The render above is not a new car coming to Grand Theft Auto Online in a future update, though I could very much see how you’d think that, given that it combines elements of at least five different machines into one. GTA cars tend to be absurd mashups of very recognizable models, and designer Frank Stephenson’s latest creation — the Frankenstein — totally fits the bill.
Let’s back up. Stephenson has made a habit of critiquing some of GTA’s cars on his YouTube channel, along with fictional vehicles from other games. (I keep waiting for the guy to do one on Ridge Racer, but it hasn’t happened yet.) At the conclusion of the previous episode of that series, he made a pledge to design a GTA vehicle of his own — not necessarily a car that’s going to officially appear in the game, but one that would look appropriate within the world. A “lore friendly” design, as my GTA-modding friends would say.

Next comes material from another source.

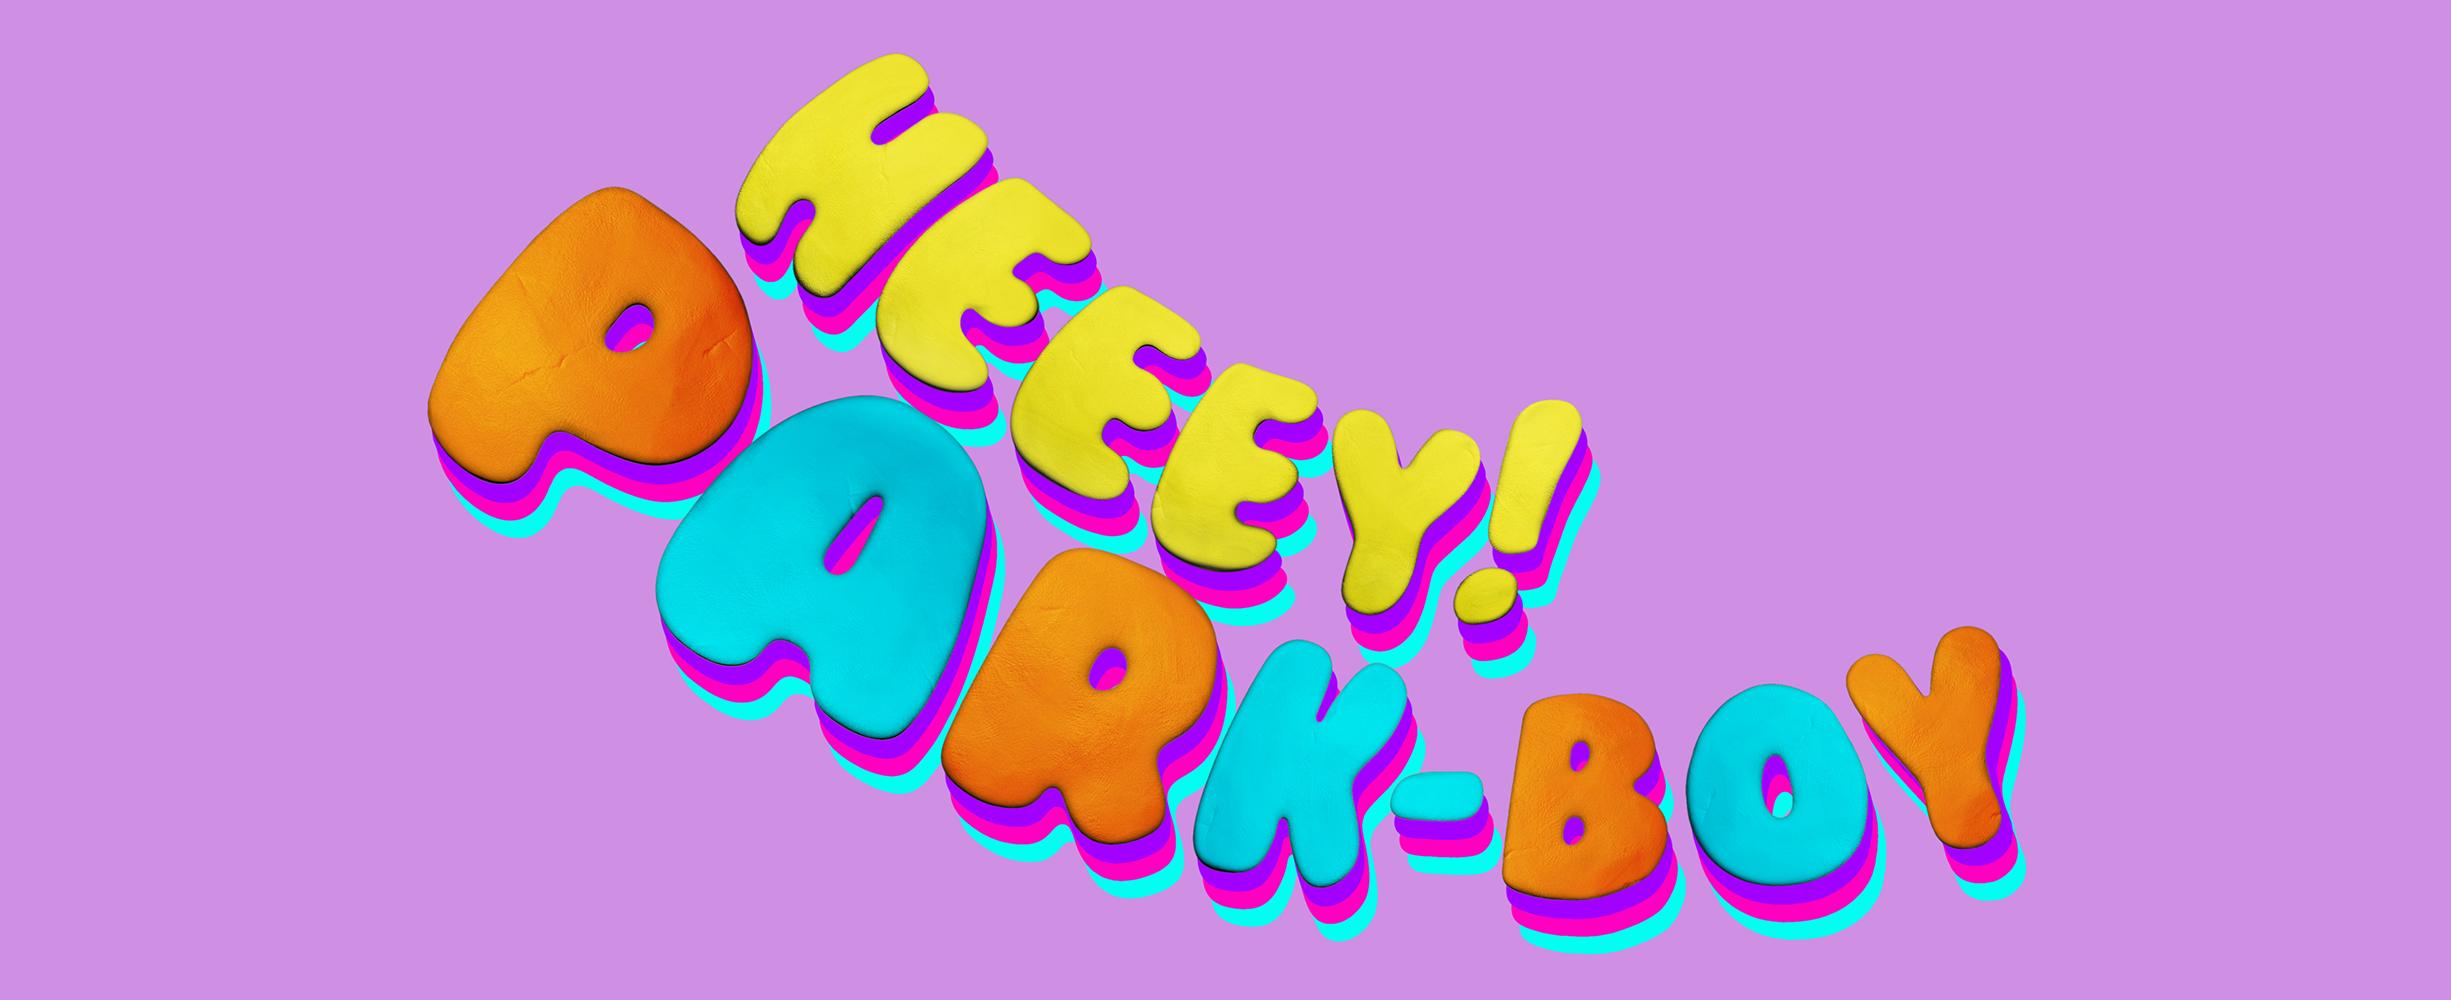 Heeey! Park-Boy

I’ve been curious how Stephenson planned to approach this challenge. I assumed he’d create something totally new but extremely silly and a little slapdash, in the GTA tradition. But originality isn’t actually the GTA way; most of the game’s cars pull cues from across the automotive landscape, incorporating them messily and incongruously. With the Frankenstein, Stephenson’s done exactly that — however, he’s limited his inspiration to his own body of work.

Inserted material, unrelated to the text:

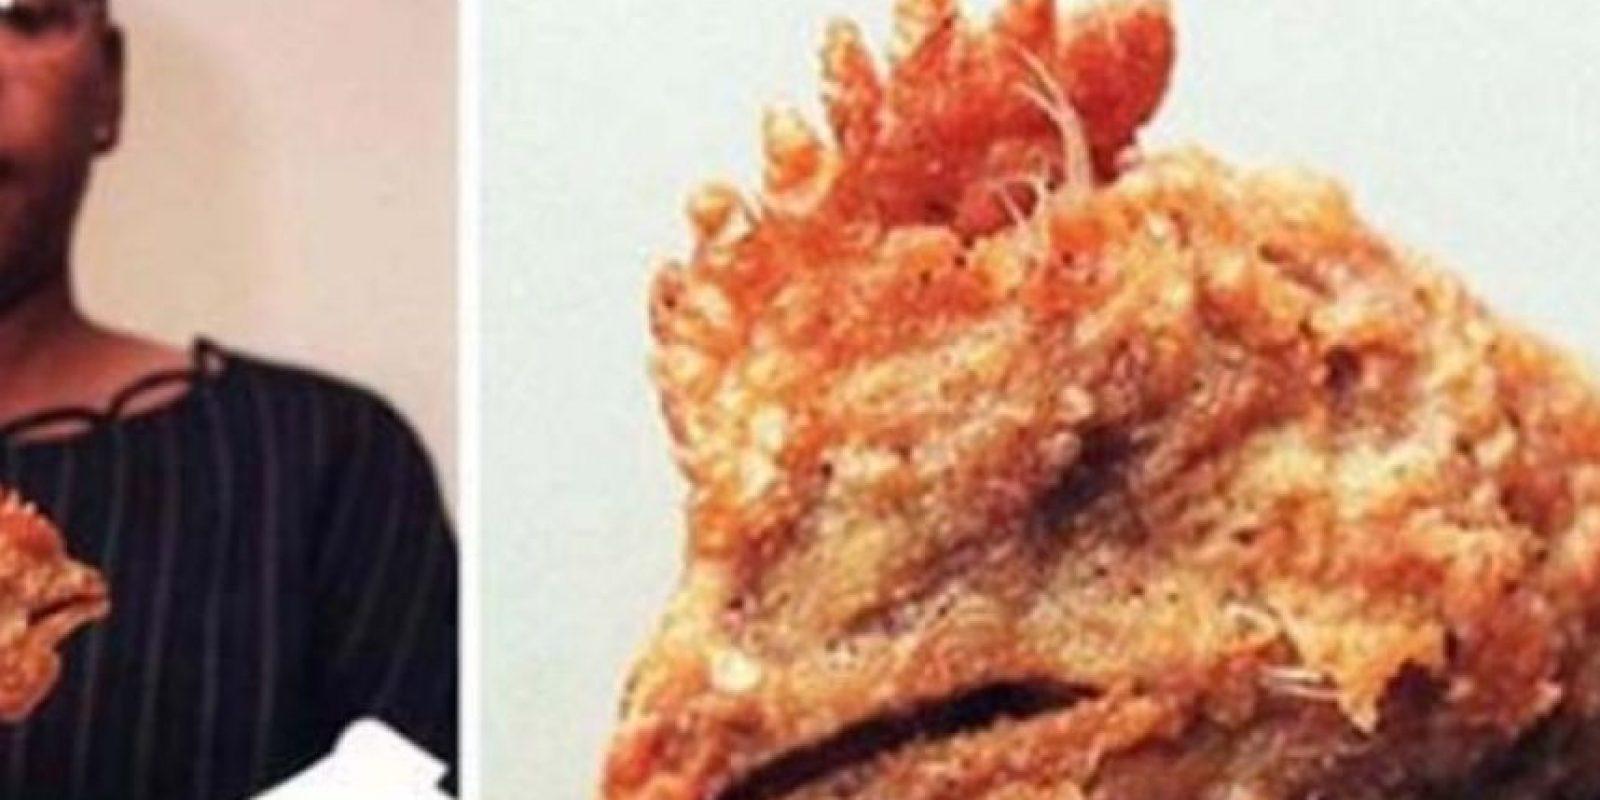 La cabeza del pobre pollo. Foto:vía Imgur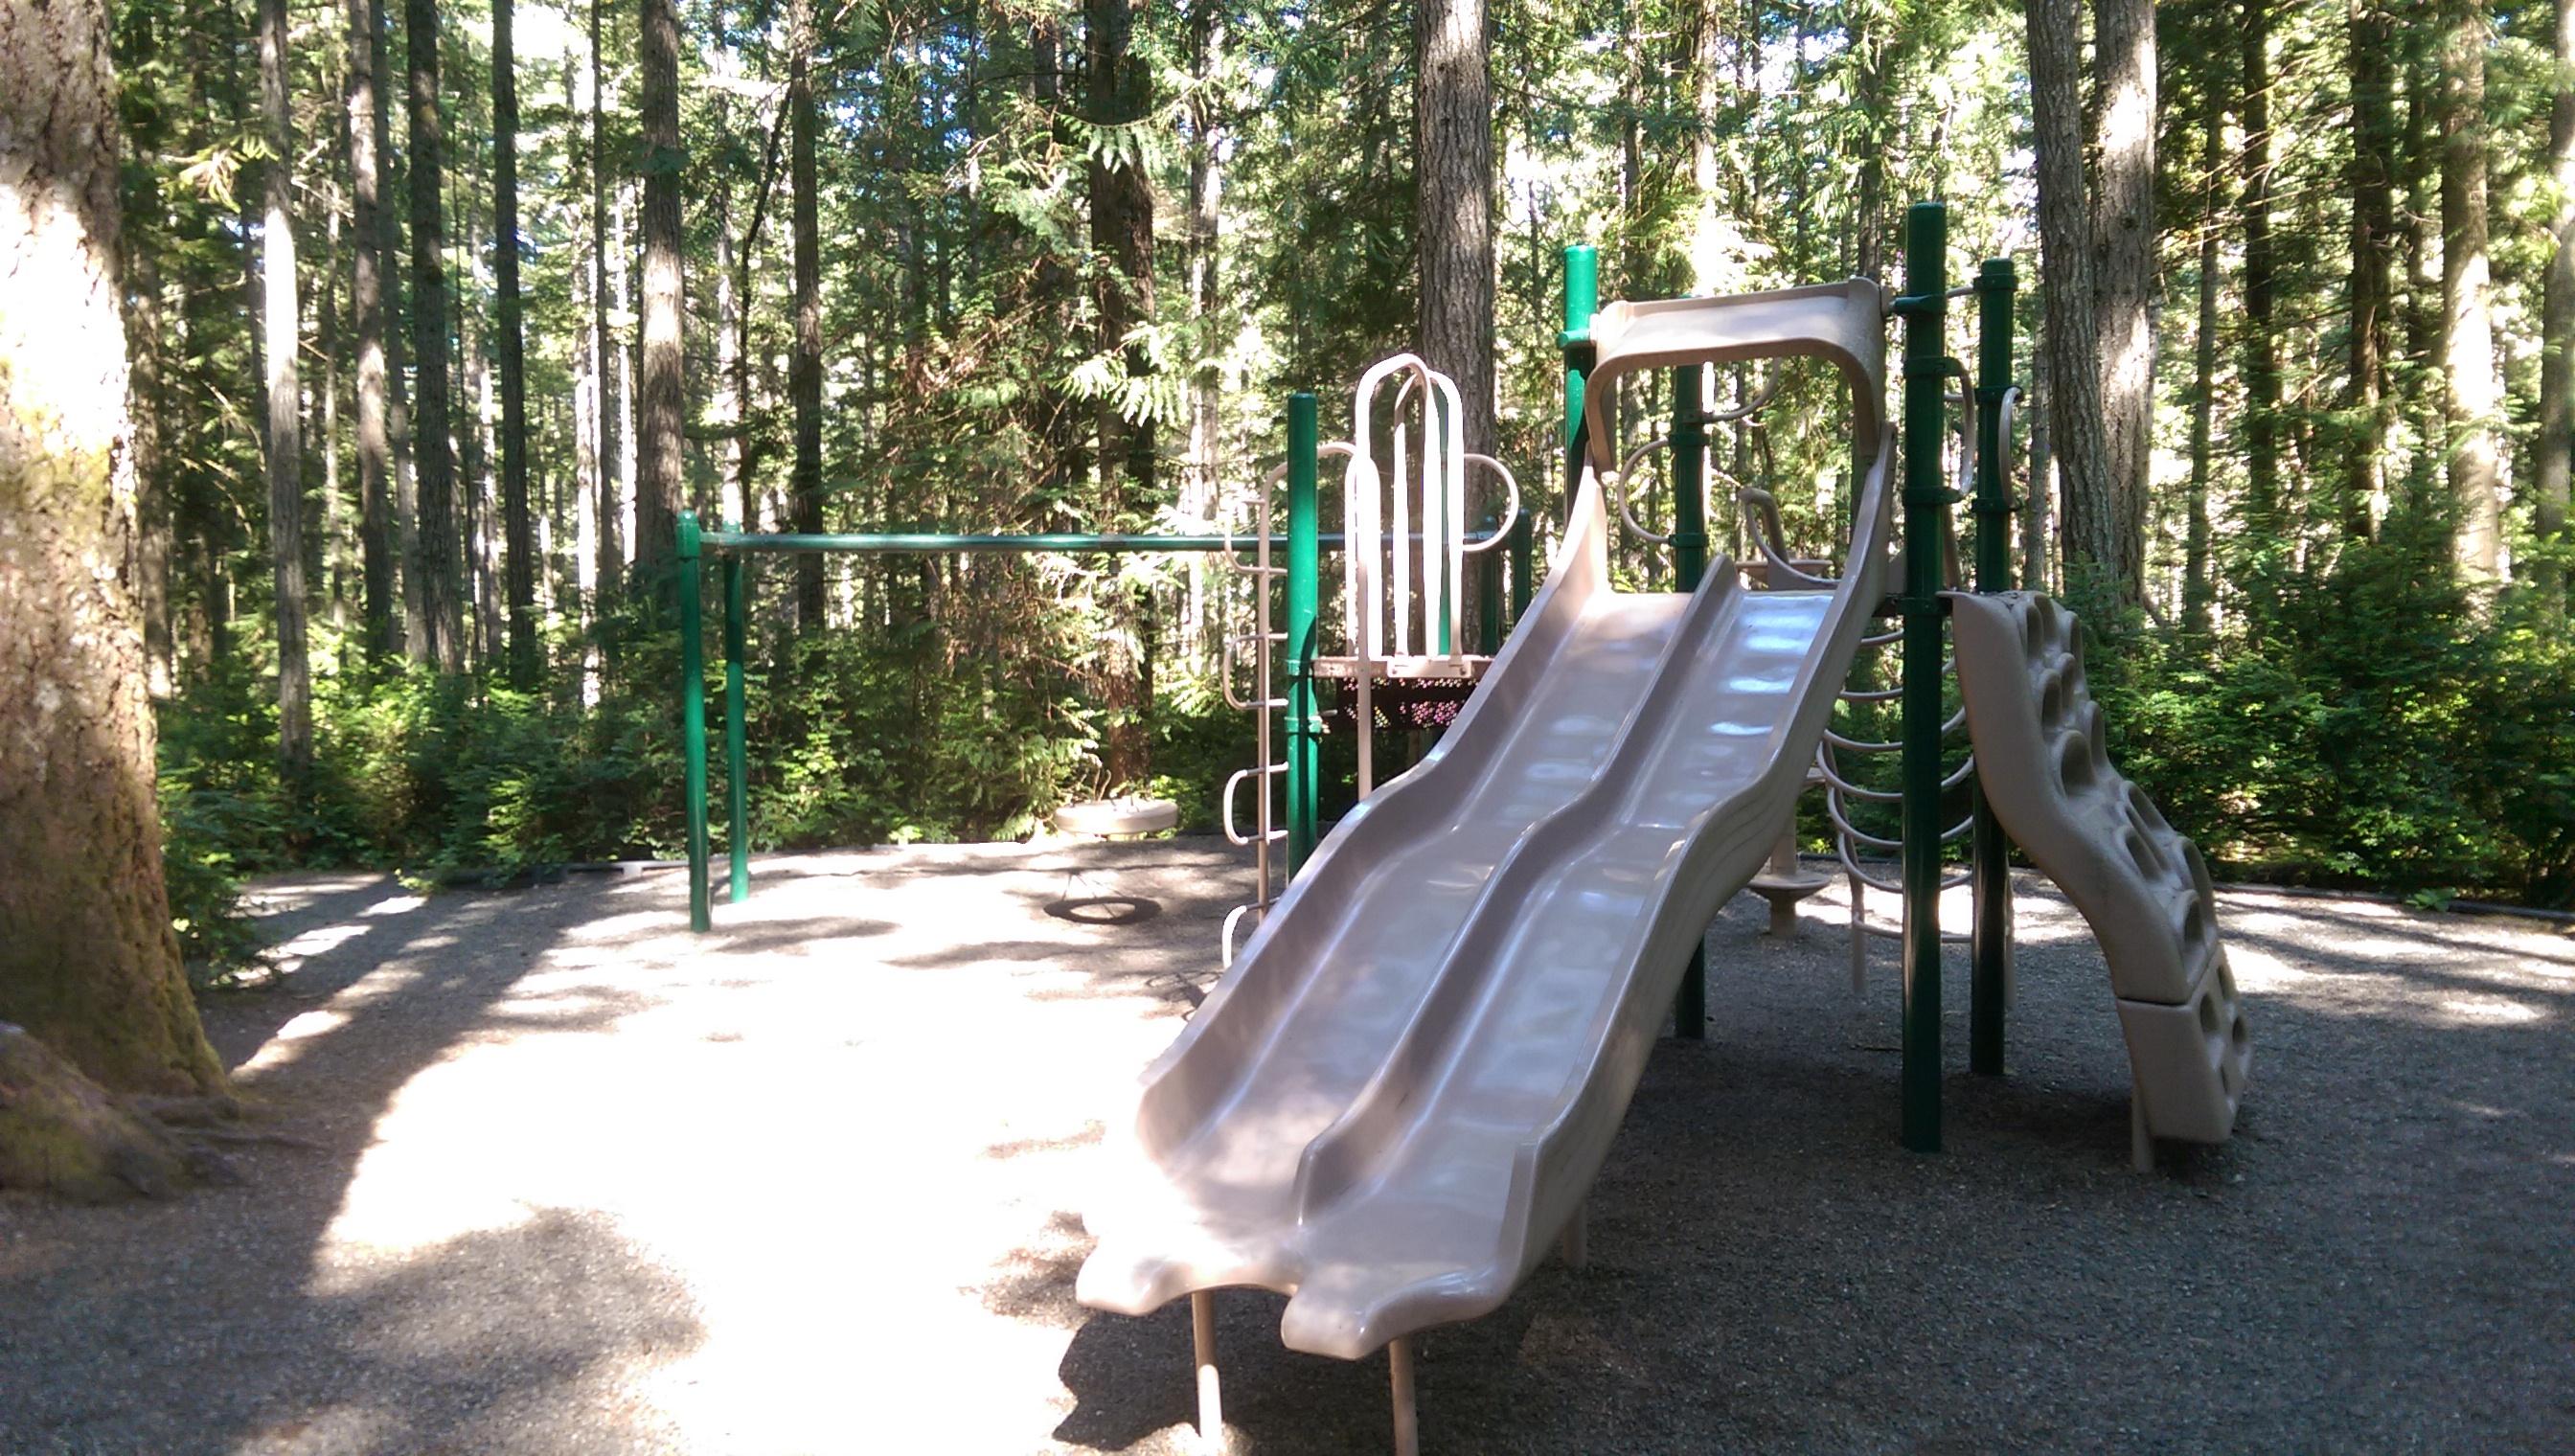 Drawn scenic park playground Washington Kid Scenic Campgrounds: Friendly

That’s why the Frankenstein has the hood, headlights and two-tone scheme of the Maserati MC12, finished off with the beak of a Ferrari F430. The greenhouse and side air intakes are clearly lifted from the McLaren P1. The rear wing and, indeed, entire back end are FXX grafts, while the extra wings over the engine cover are repurposed from the Ford Escort Cosworth.
The result is disjointed and inelegant in full service to its name. It looks haphazard and distinctly off, just like a royalty-free Blender model. In all of those ways it is the archetypal GTA car.
Personally I’d love to see the Frankenstein appear in GTA, though I imagine Ferrari, Stellantis, Ford, and McLaren might take issue with that. (Or not — I haven’t heard of them suing Rockstar Games over its ripoffs yet, so who knows.) But Stephenson’s ensured the next best thing for this design, by making it available freely for download through a Google Drive link, so interested modders can port the car into the game themselves.